The first metaphor for the Trump Presidency was that of the passengers in an airplane navigating a storm voting to let a dog (in some versions, a chimp) try flying the craft. The metaphor was apt, and it’s still apt, even though moral luck worked its magic, and not only did the plane not crash, the dog turned out to a better pilot than anyone could have predicted. It was still irresponsible for this country to permit a man with Trump’s well-documented character flaws and proven proclivities both and executive and a human to be given such control over the destiny of the nation.
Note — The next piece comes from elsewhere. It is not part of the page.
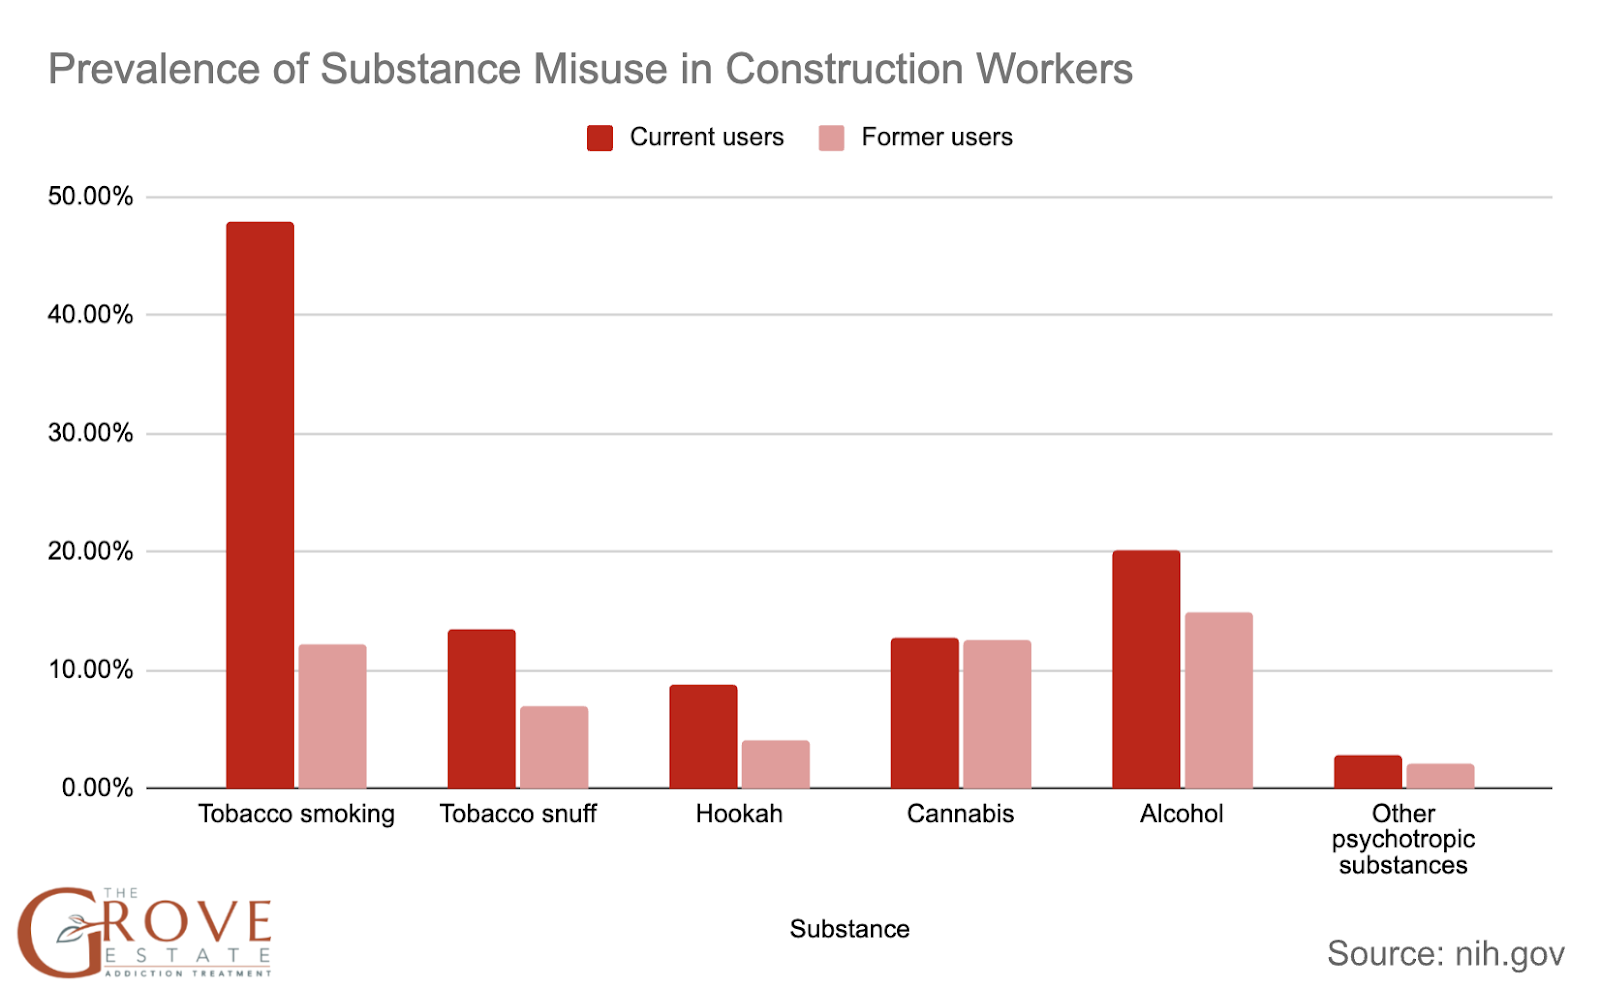 Prevalence of Substance Misuse in Construction Workers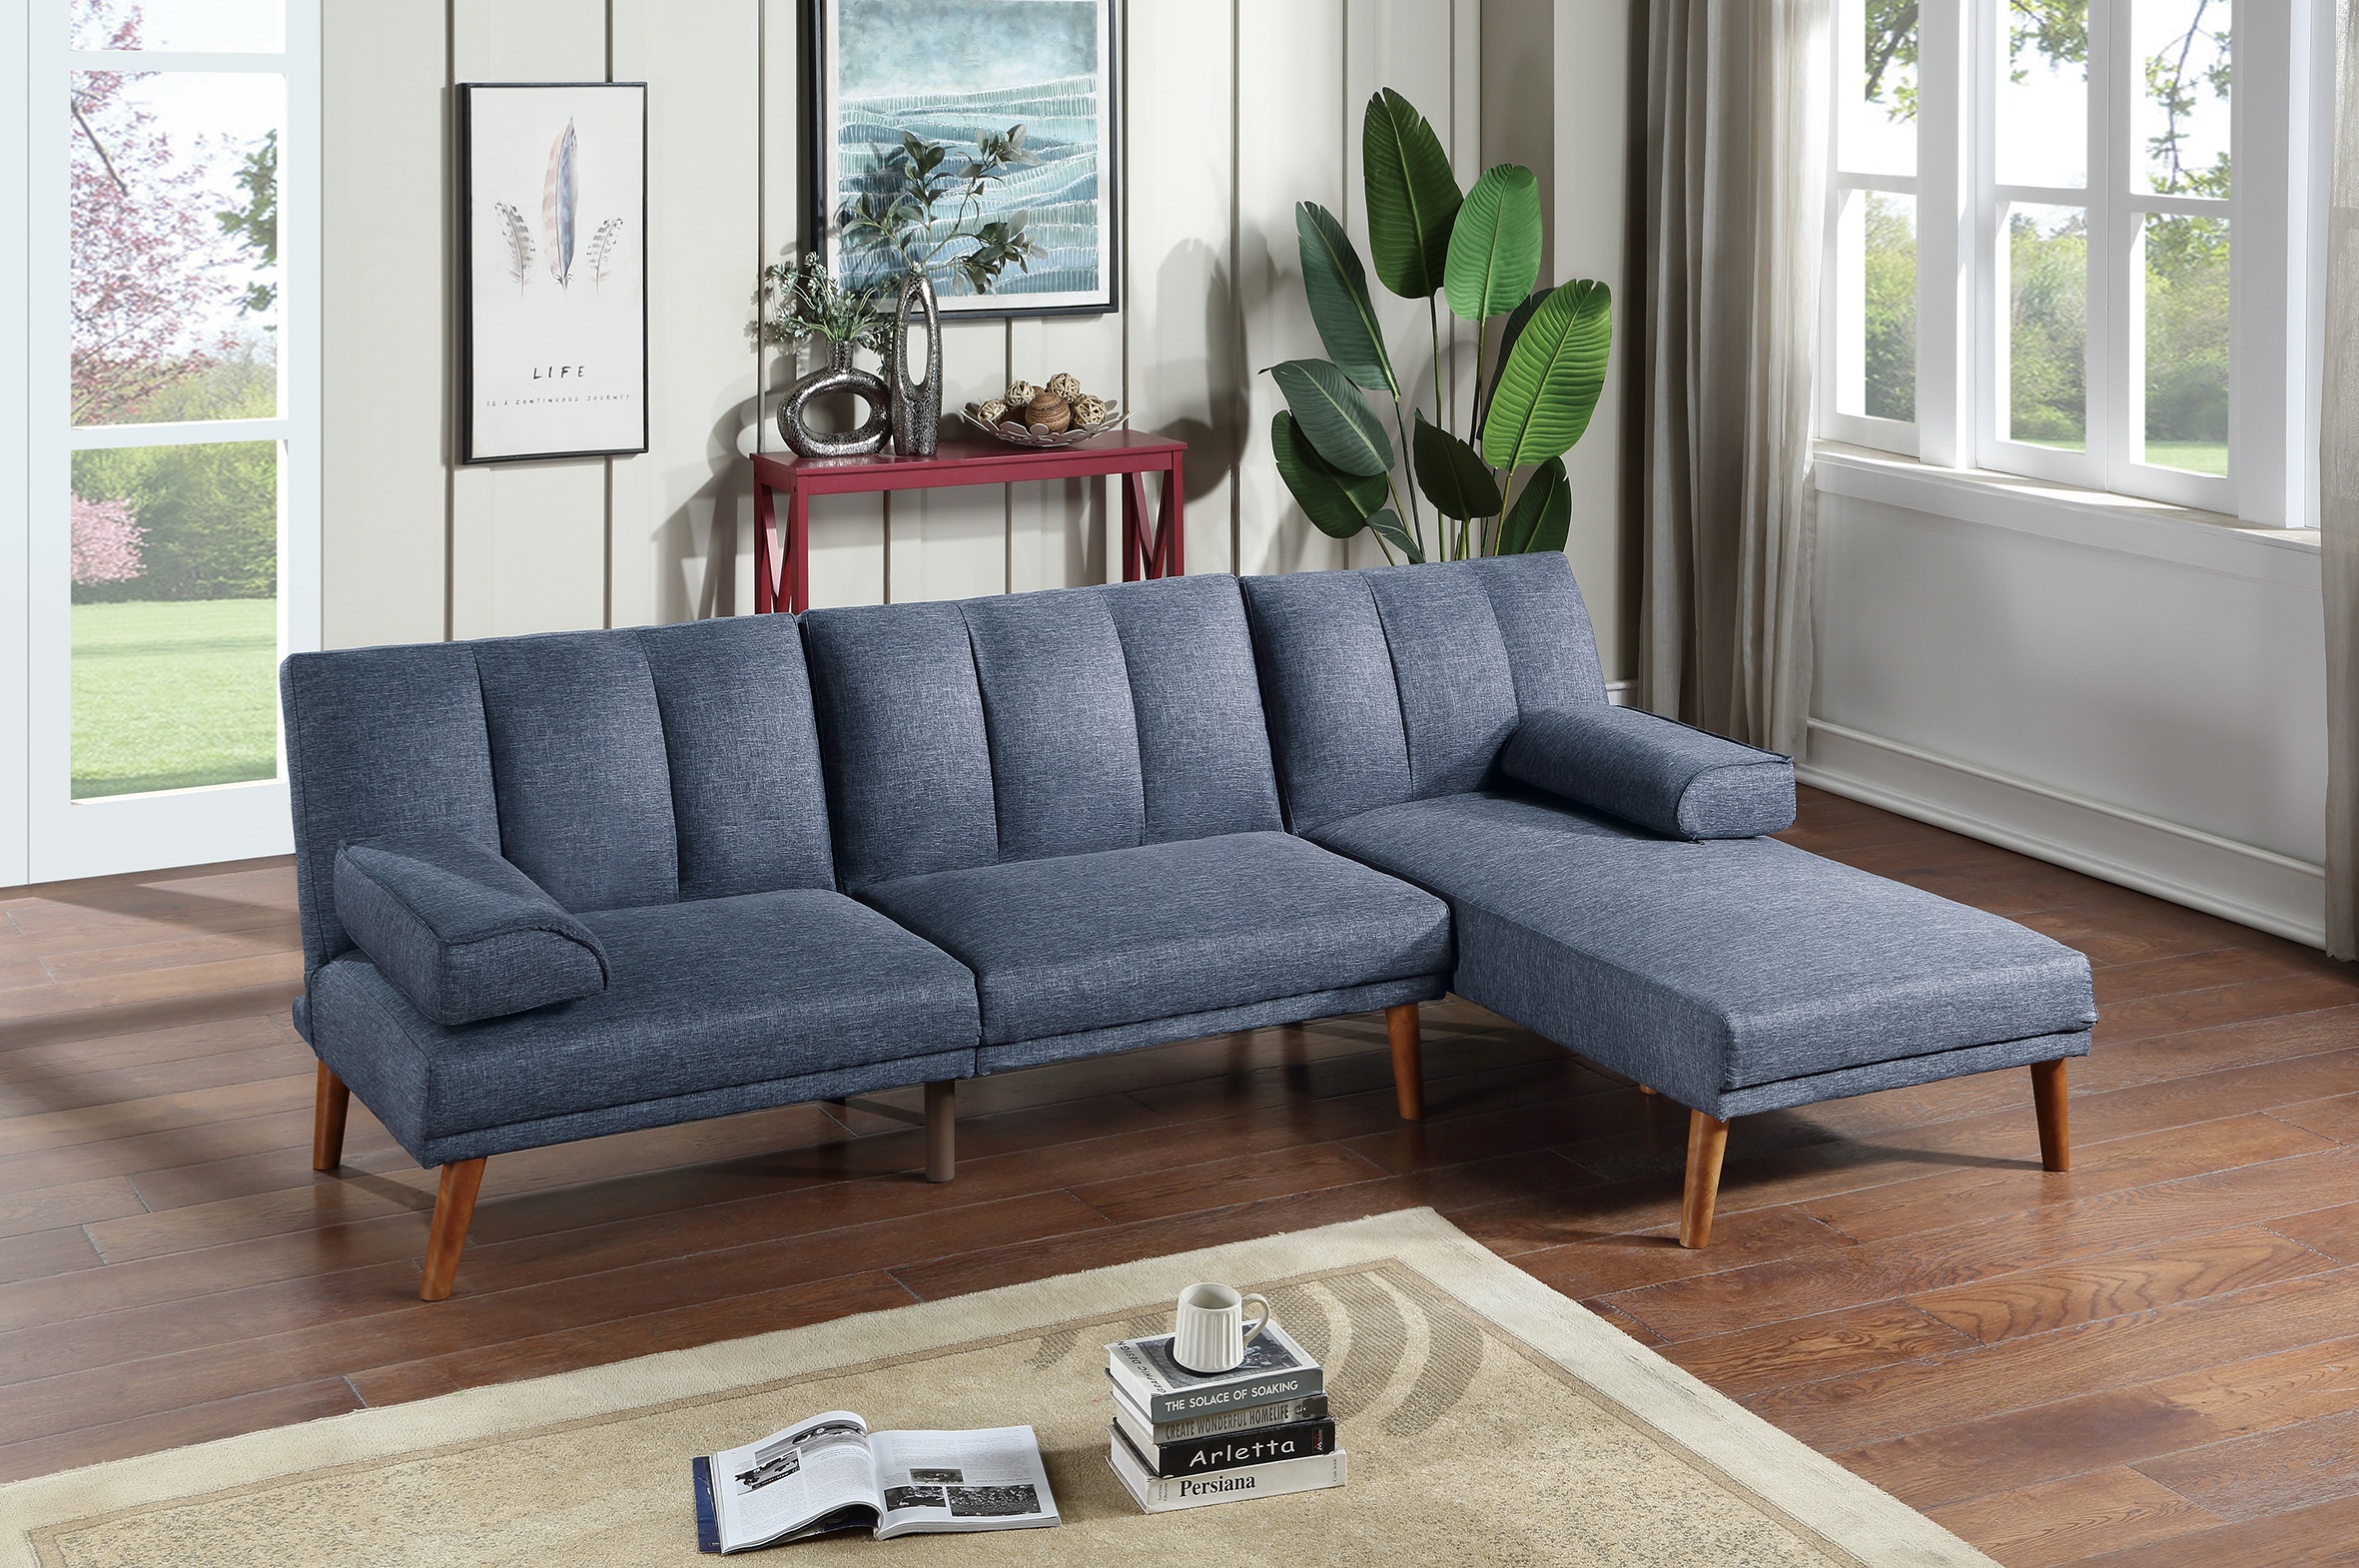 Navy Color Polyfiber Sectional Sofa Set Living Room Furniture Solid wood Legs Plush Couch Adjustable Sofa Chaise-Boyel Living

The second metaphor was from “Animal House”:
As I wrote:
A segment of the population decided that the system was rigged against them, that Democrats and Republicans were both involved in a massive, decades long con in which their primary goal was not to do what was in the public interest, but what was most likely to keep them in power and eventually line their pockets, and that their voices were not just being ignored, but that they were being insulted while being ignored. The so-called “deplorables” were mad as hell, and they weren’t going to take it any more. Voting for Trump was an “Up yours!” to the elites, the sanctimonious media, the corrupt Clintons, the hollow Obamas, and obviously corrupt Democrats like Pelosi and Harry Reid, machine Republicans like Mitch McConnell, and pompous think-tank conservative like Bill Kristol…It’s idiotic, but the message isn’t. It’s “Animal House”! and “Animal House” is as American as Doolittle’s Raid….In Germany, The Big Cheese says jump and the Germans say “How high?” In the US, the response is “Fuck you!” Obama never understood that…. I love that about America. And much as I hate the idea of an idiot being President, I do love the message and who it was sent to. America still has spunk.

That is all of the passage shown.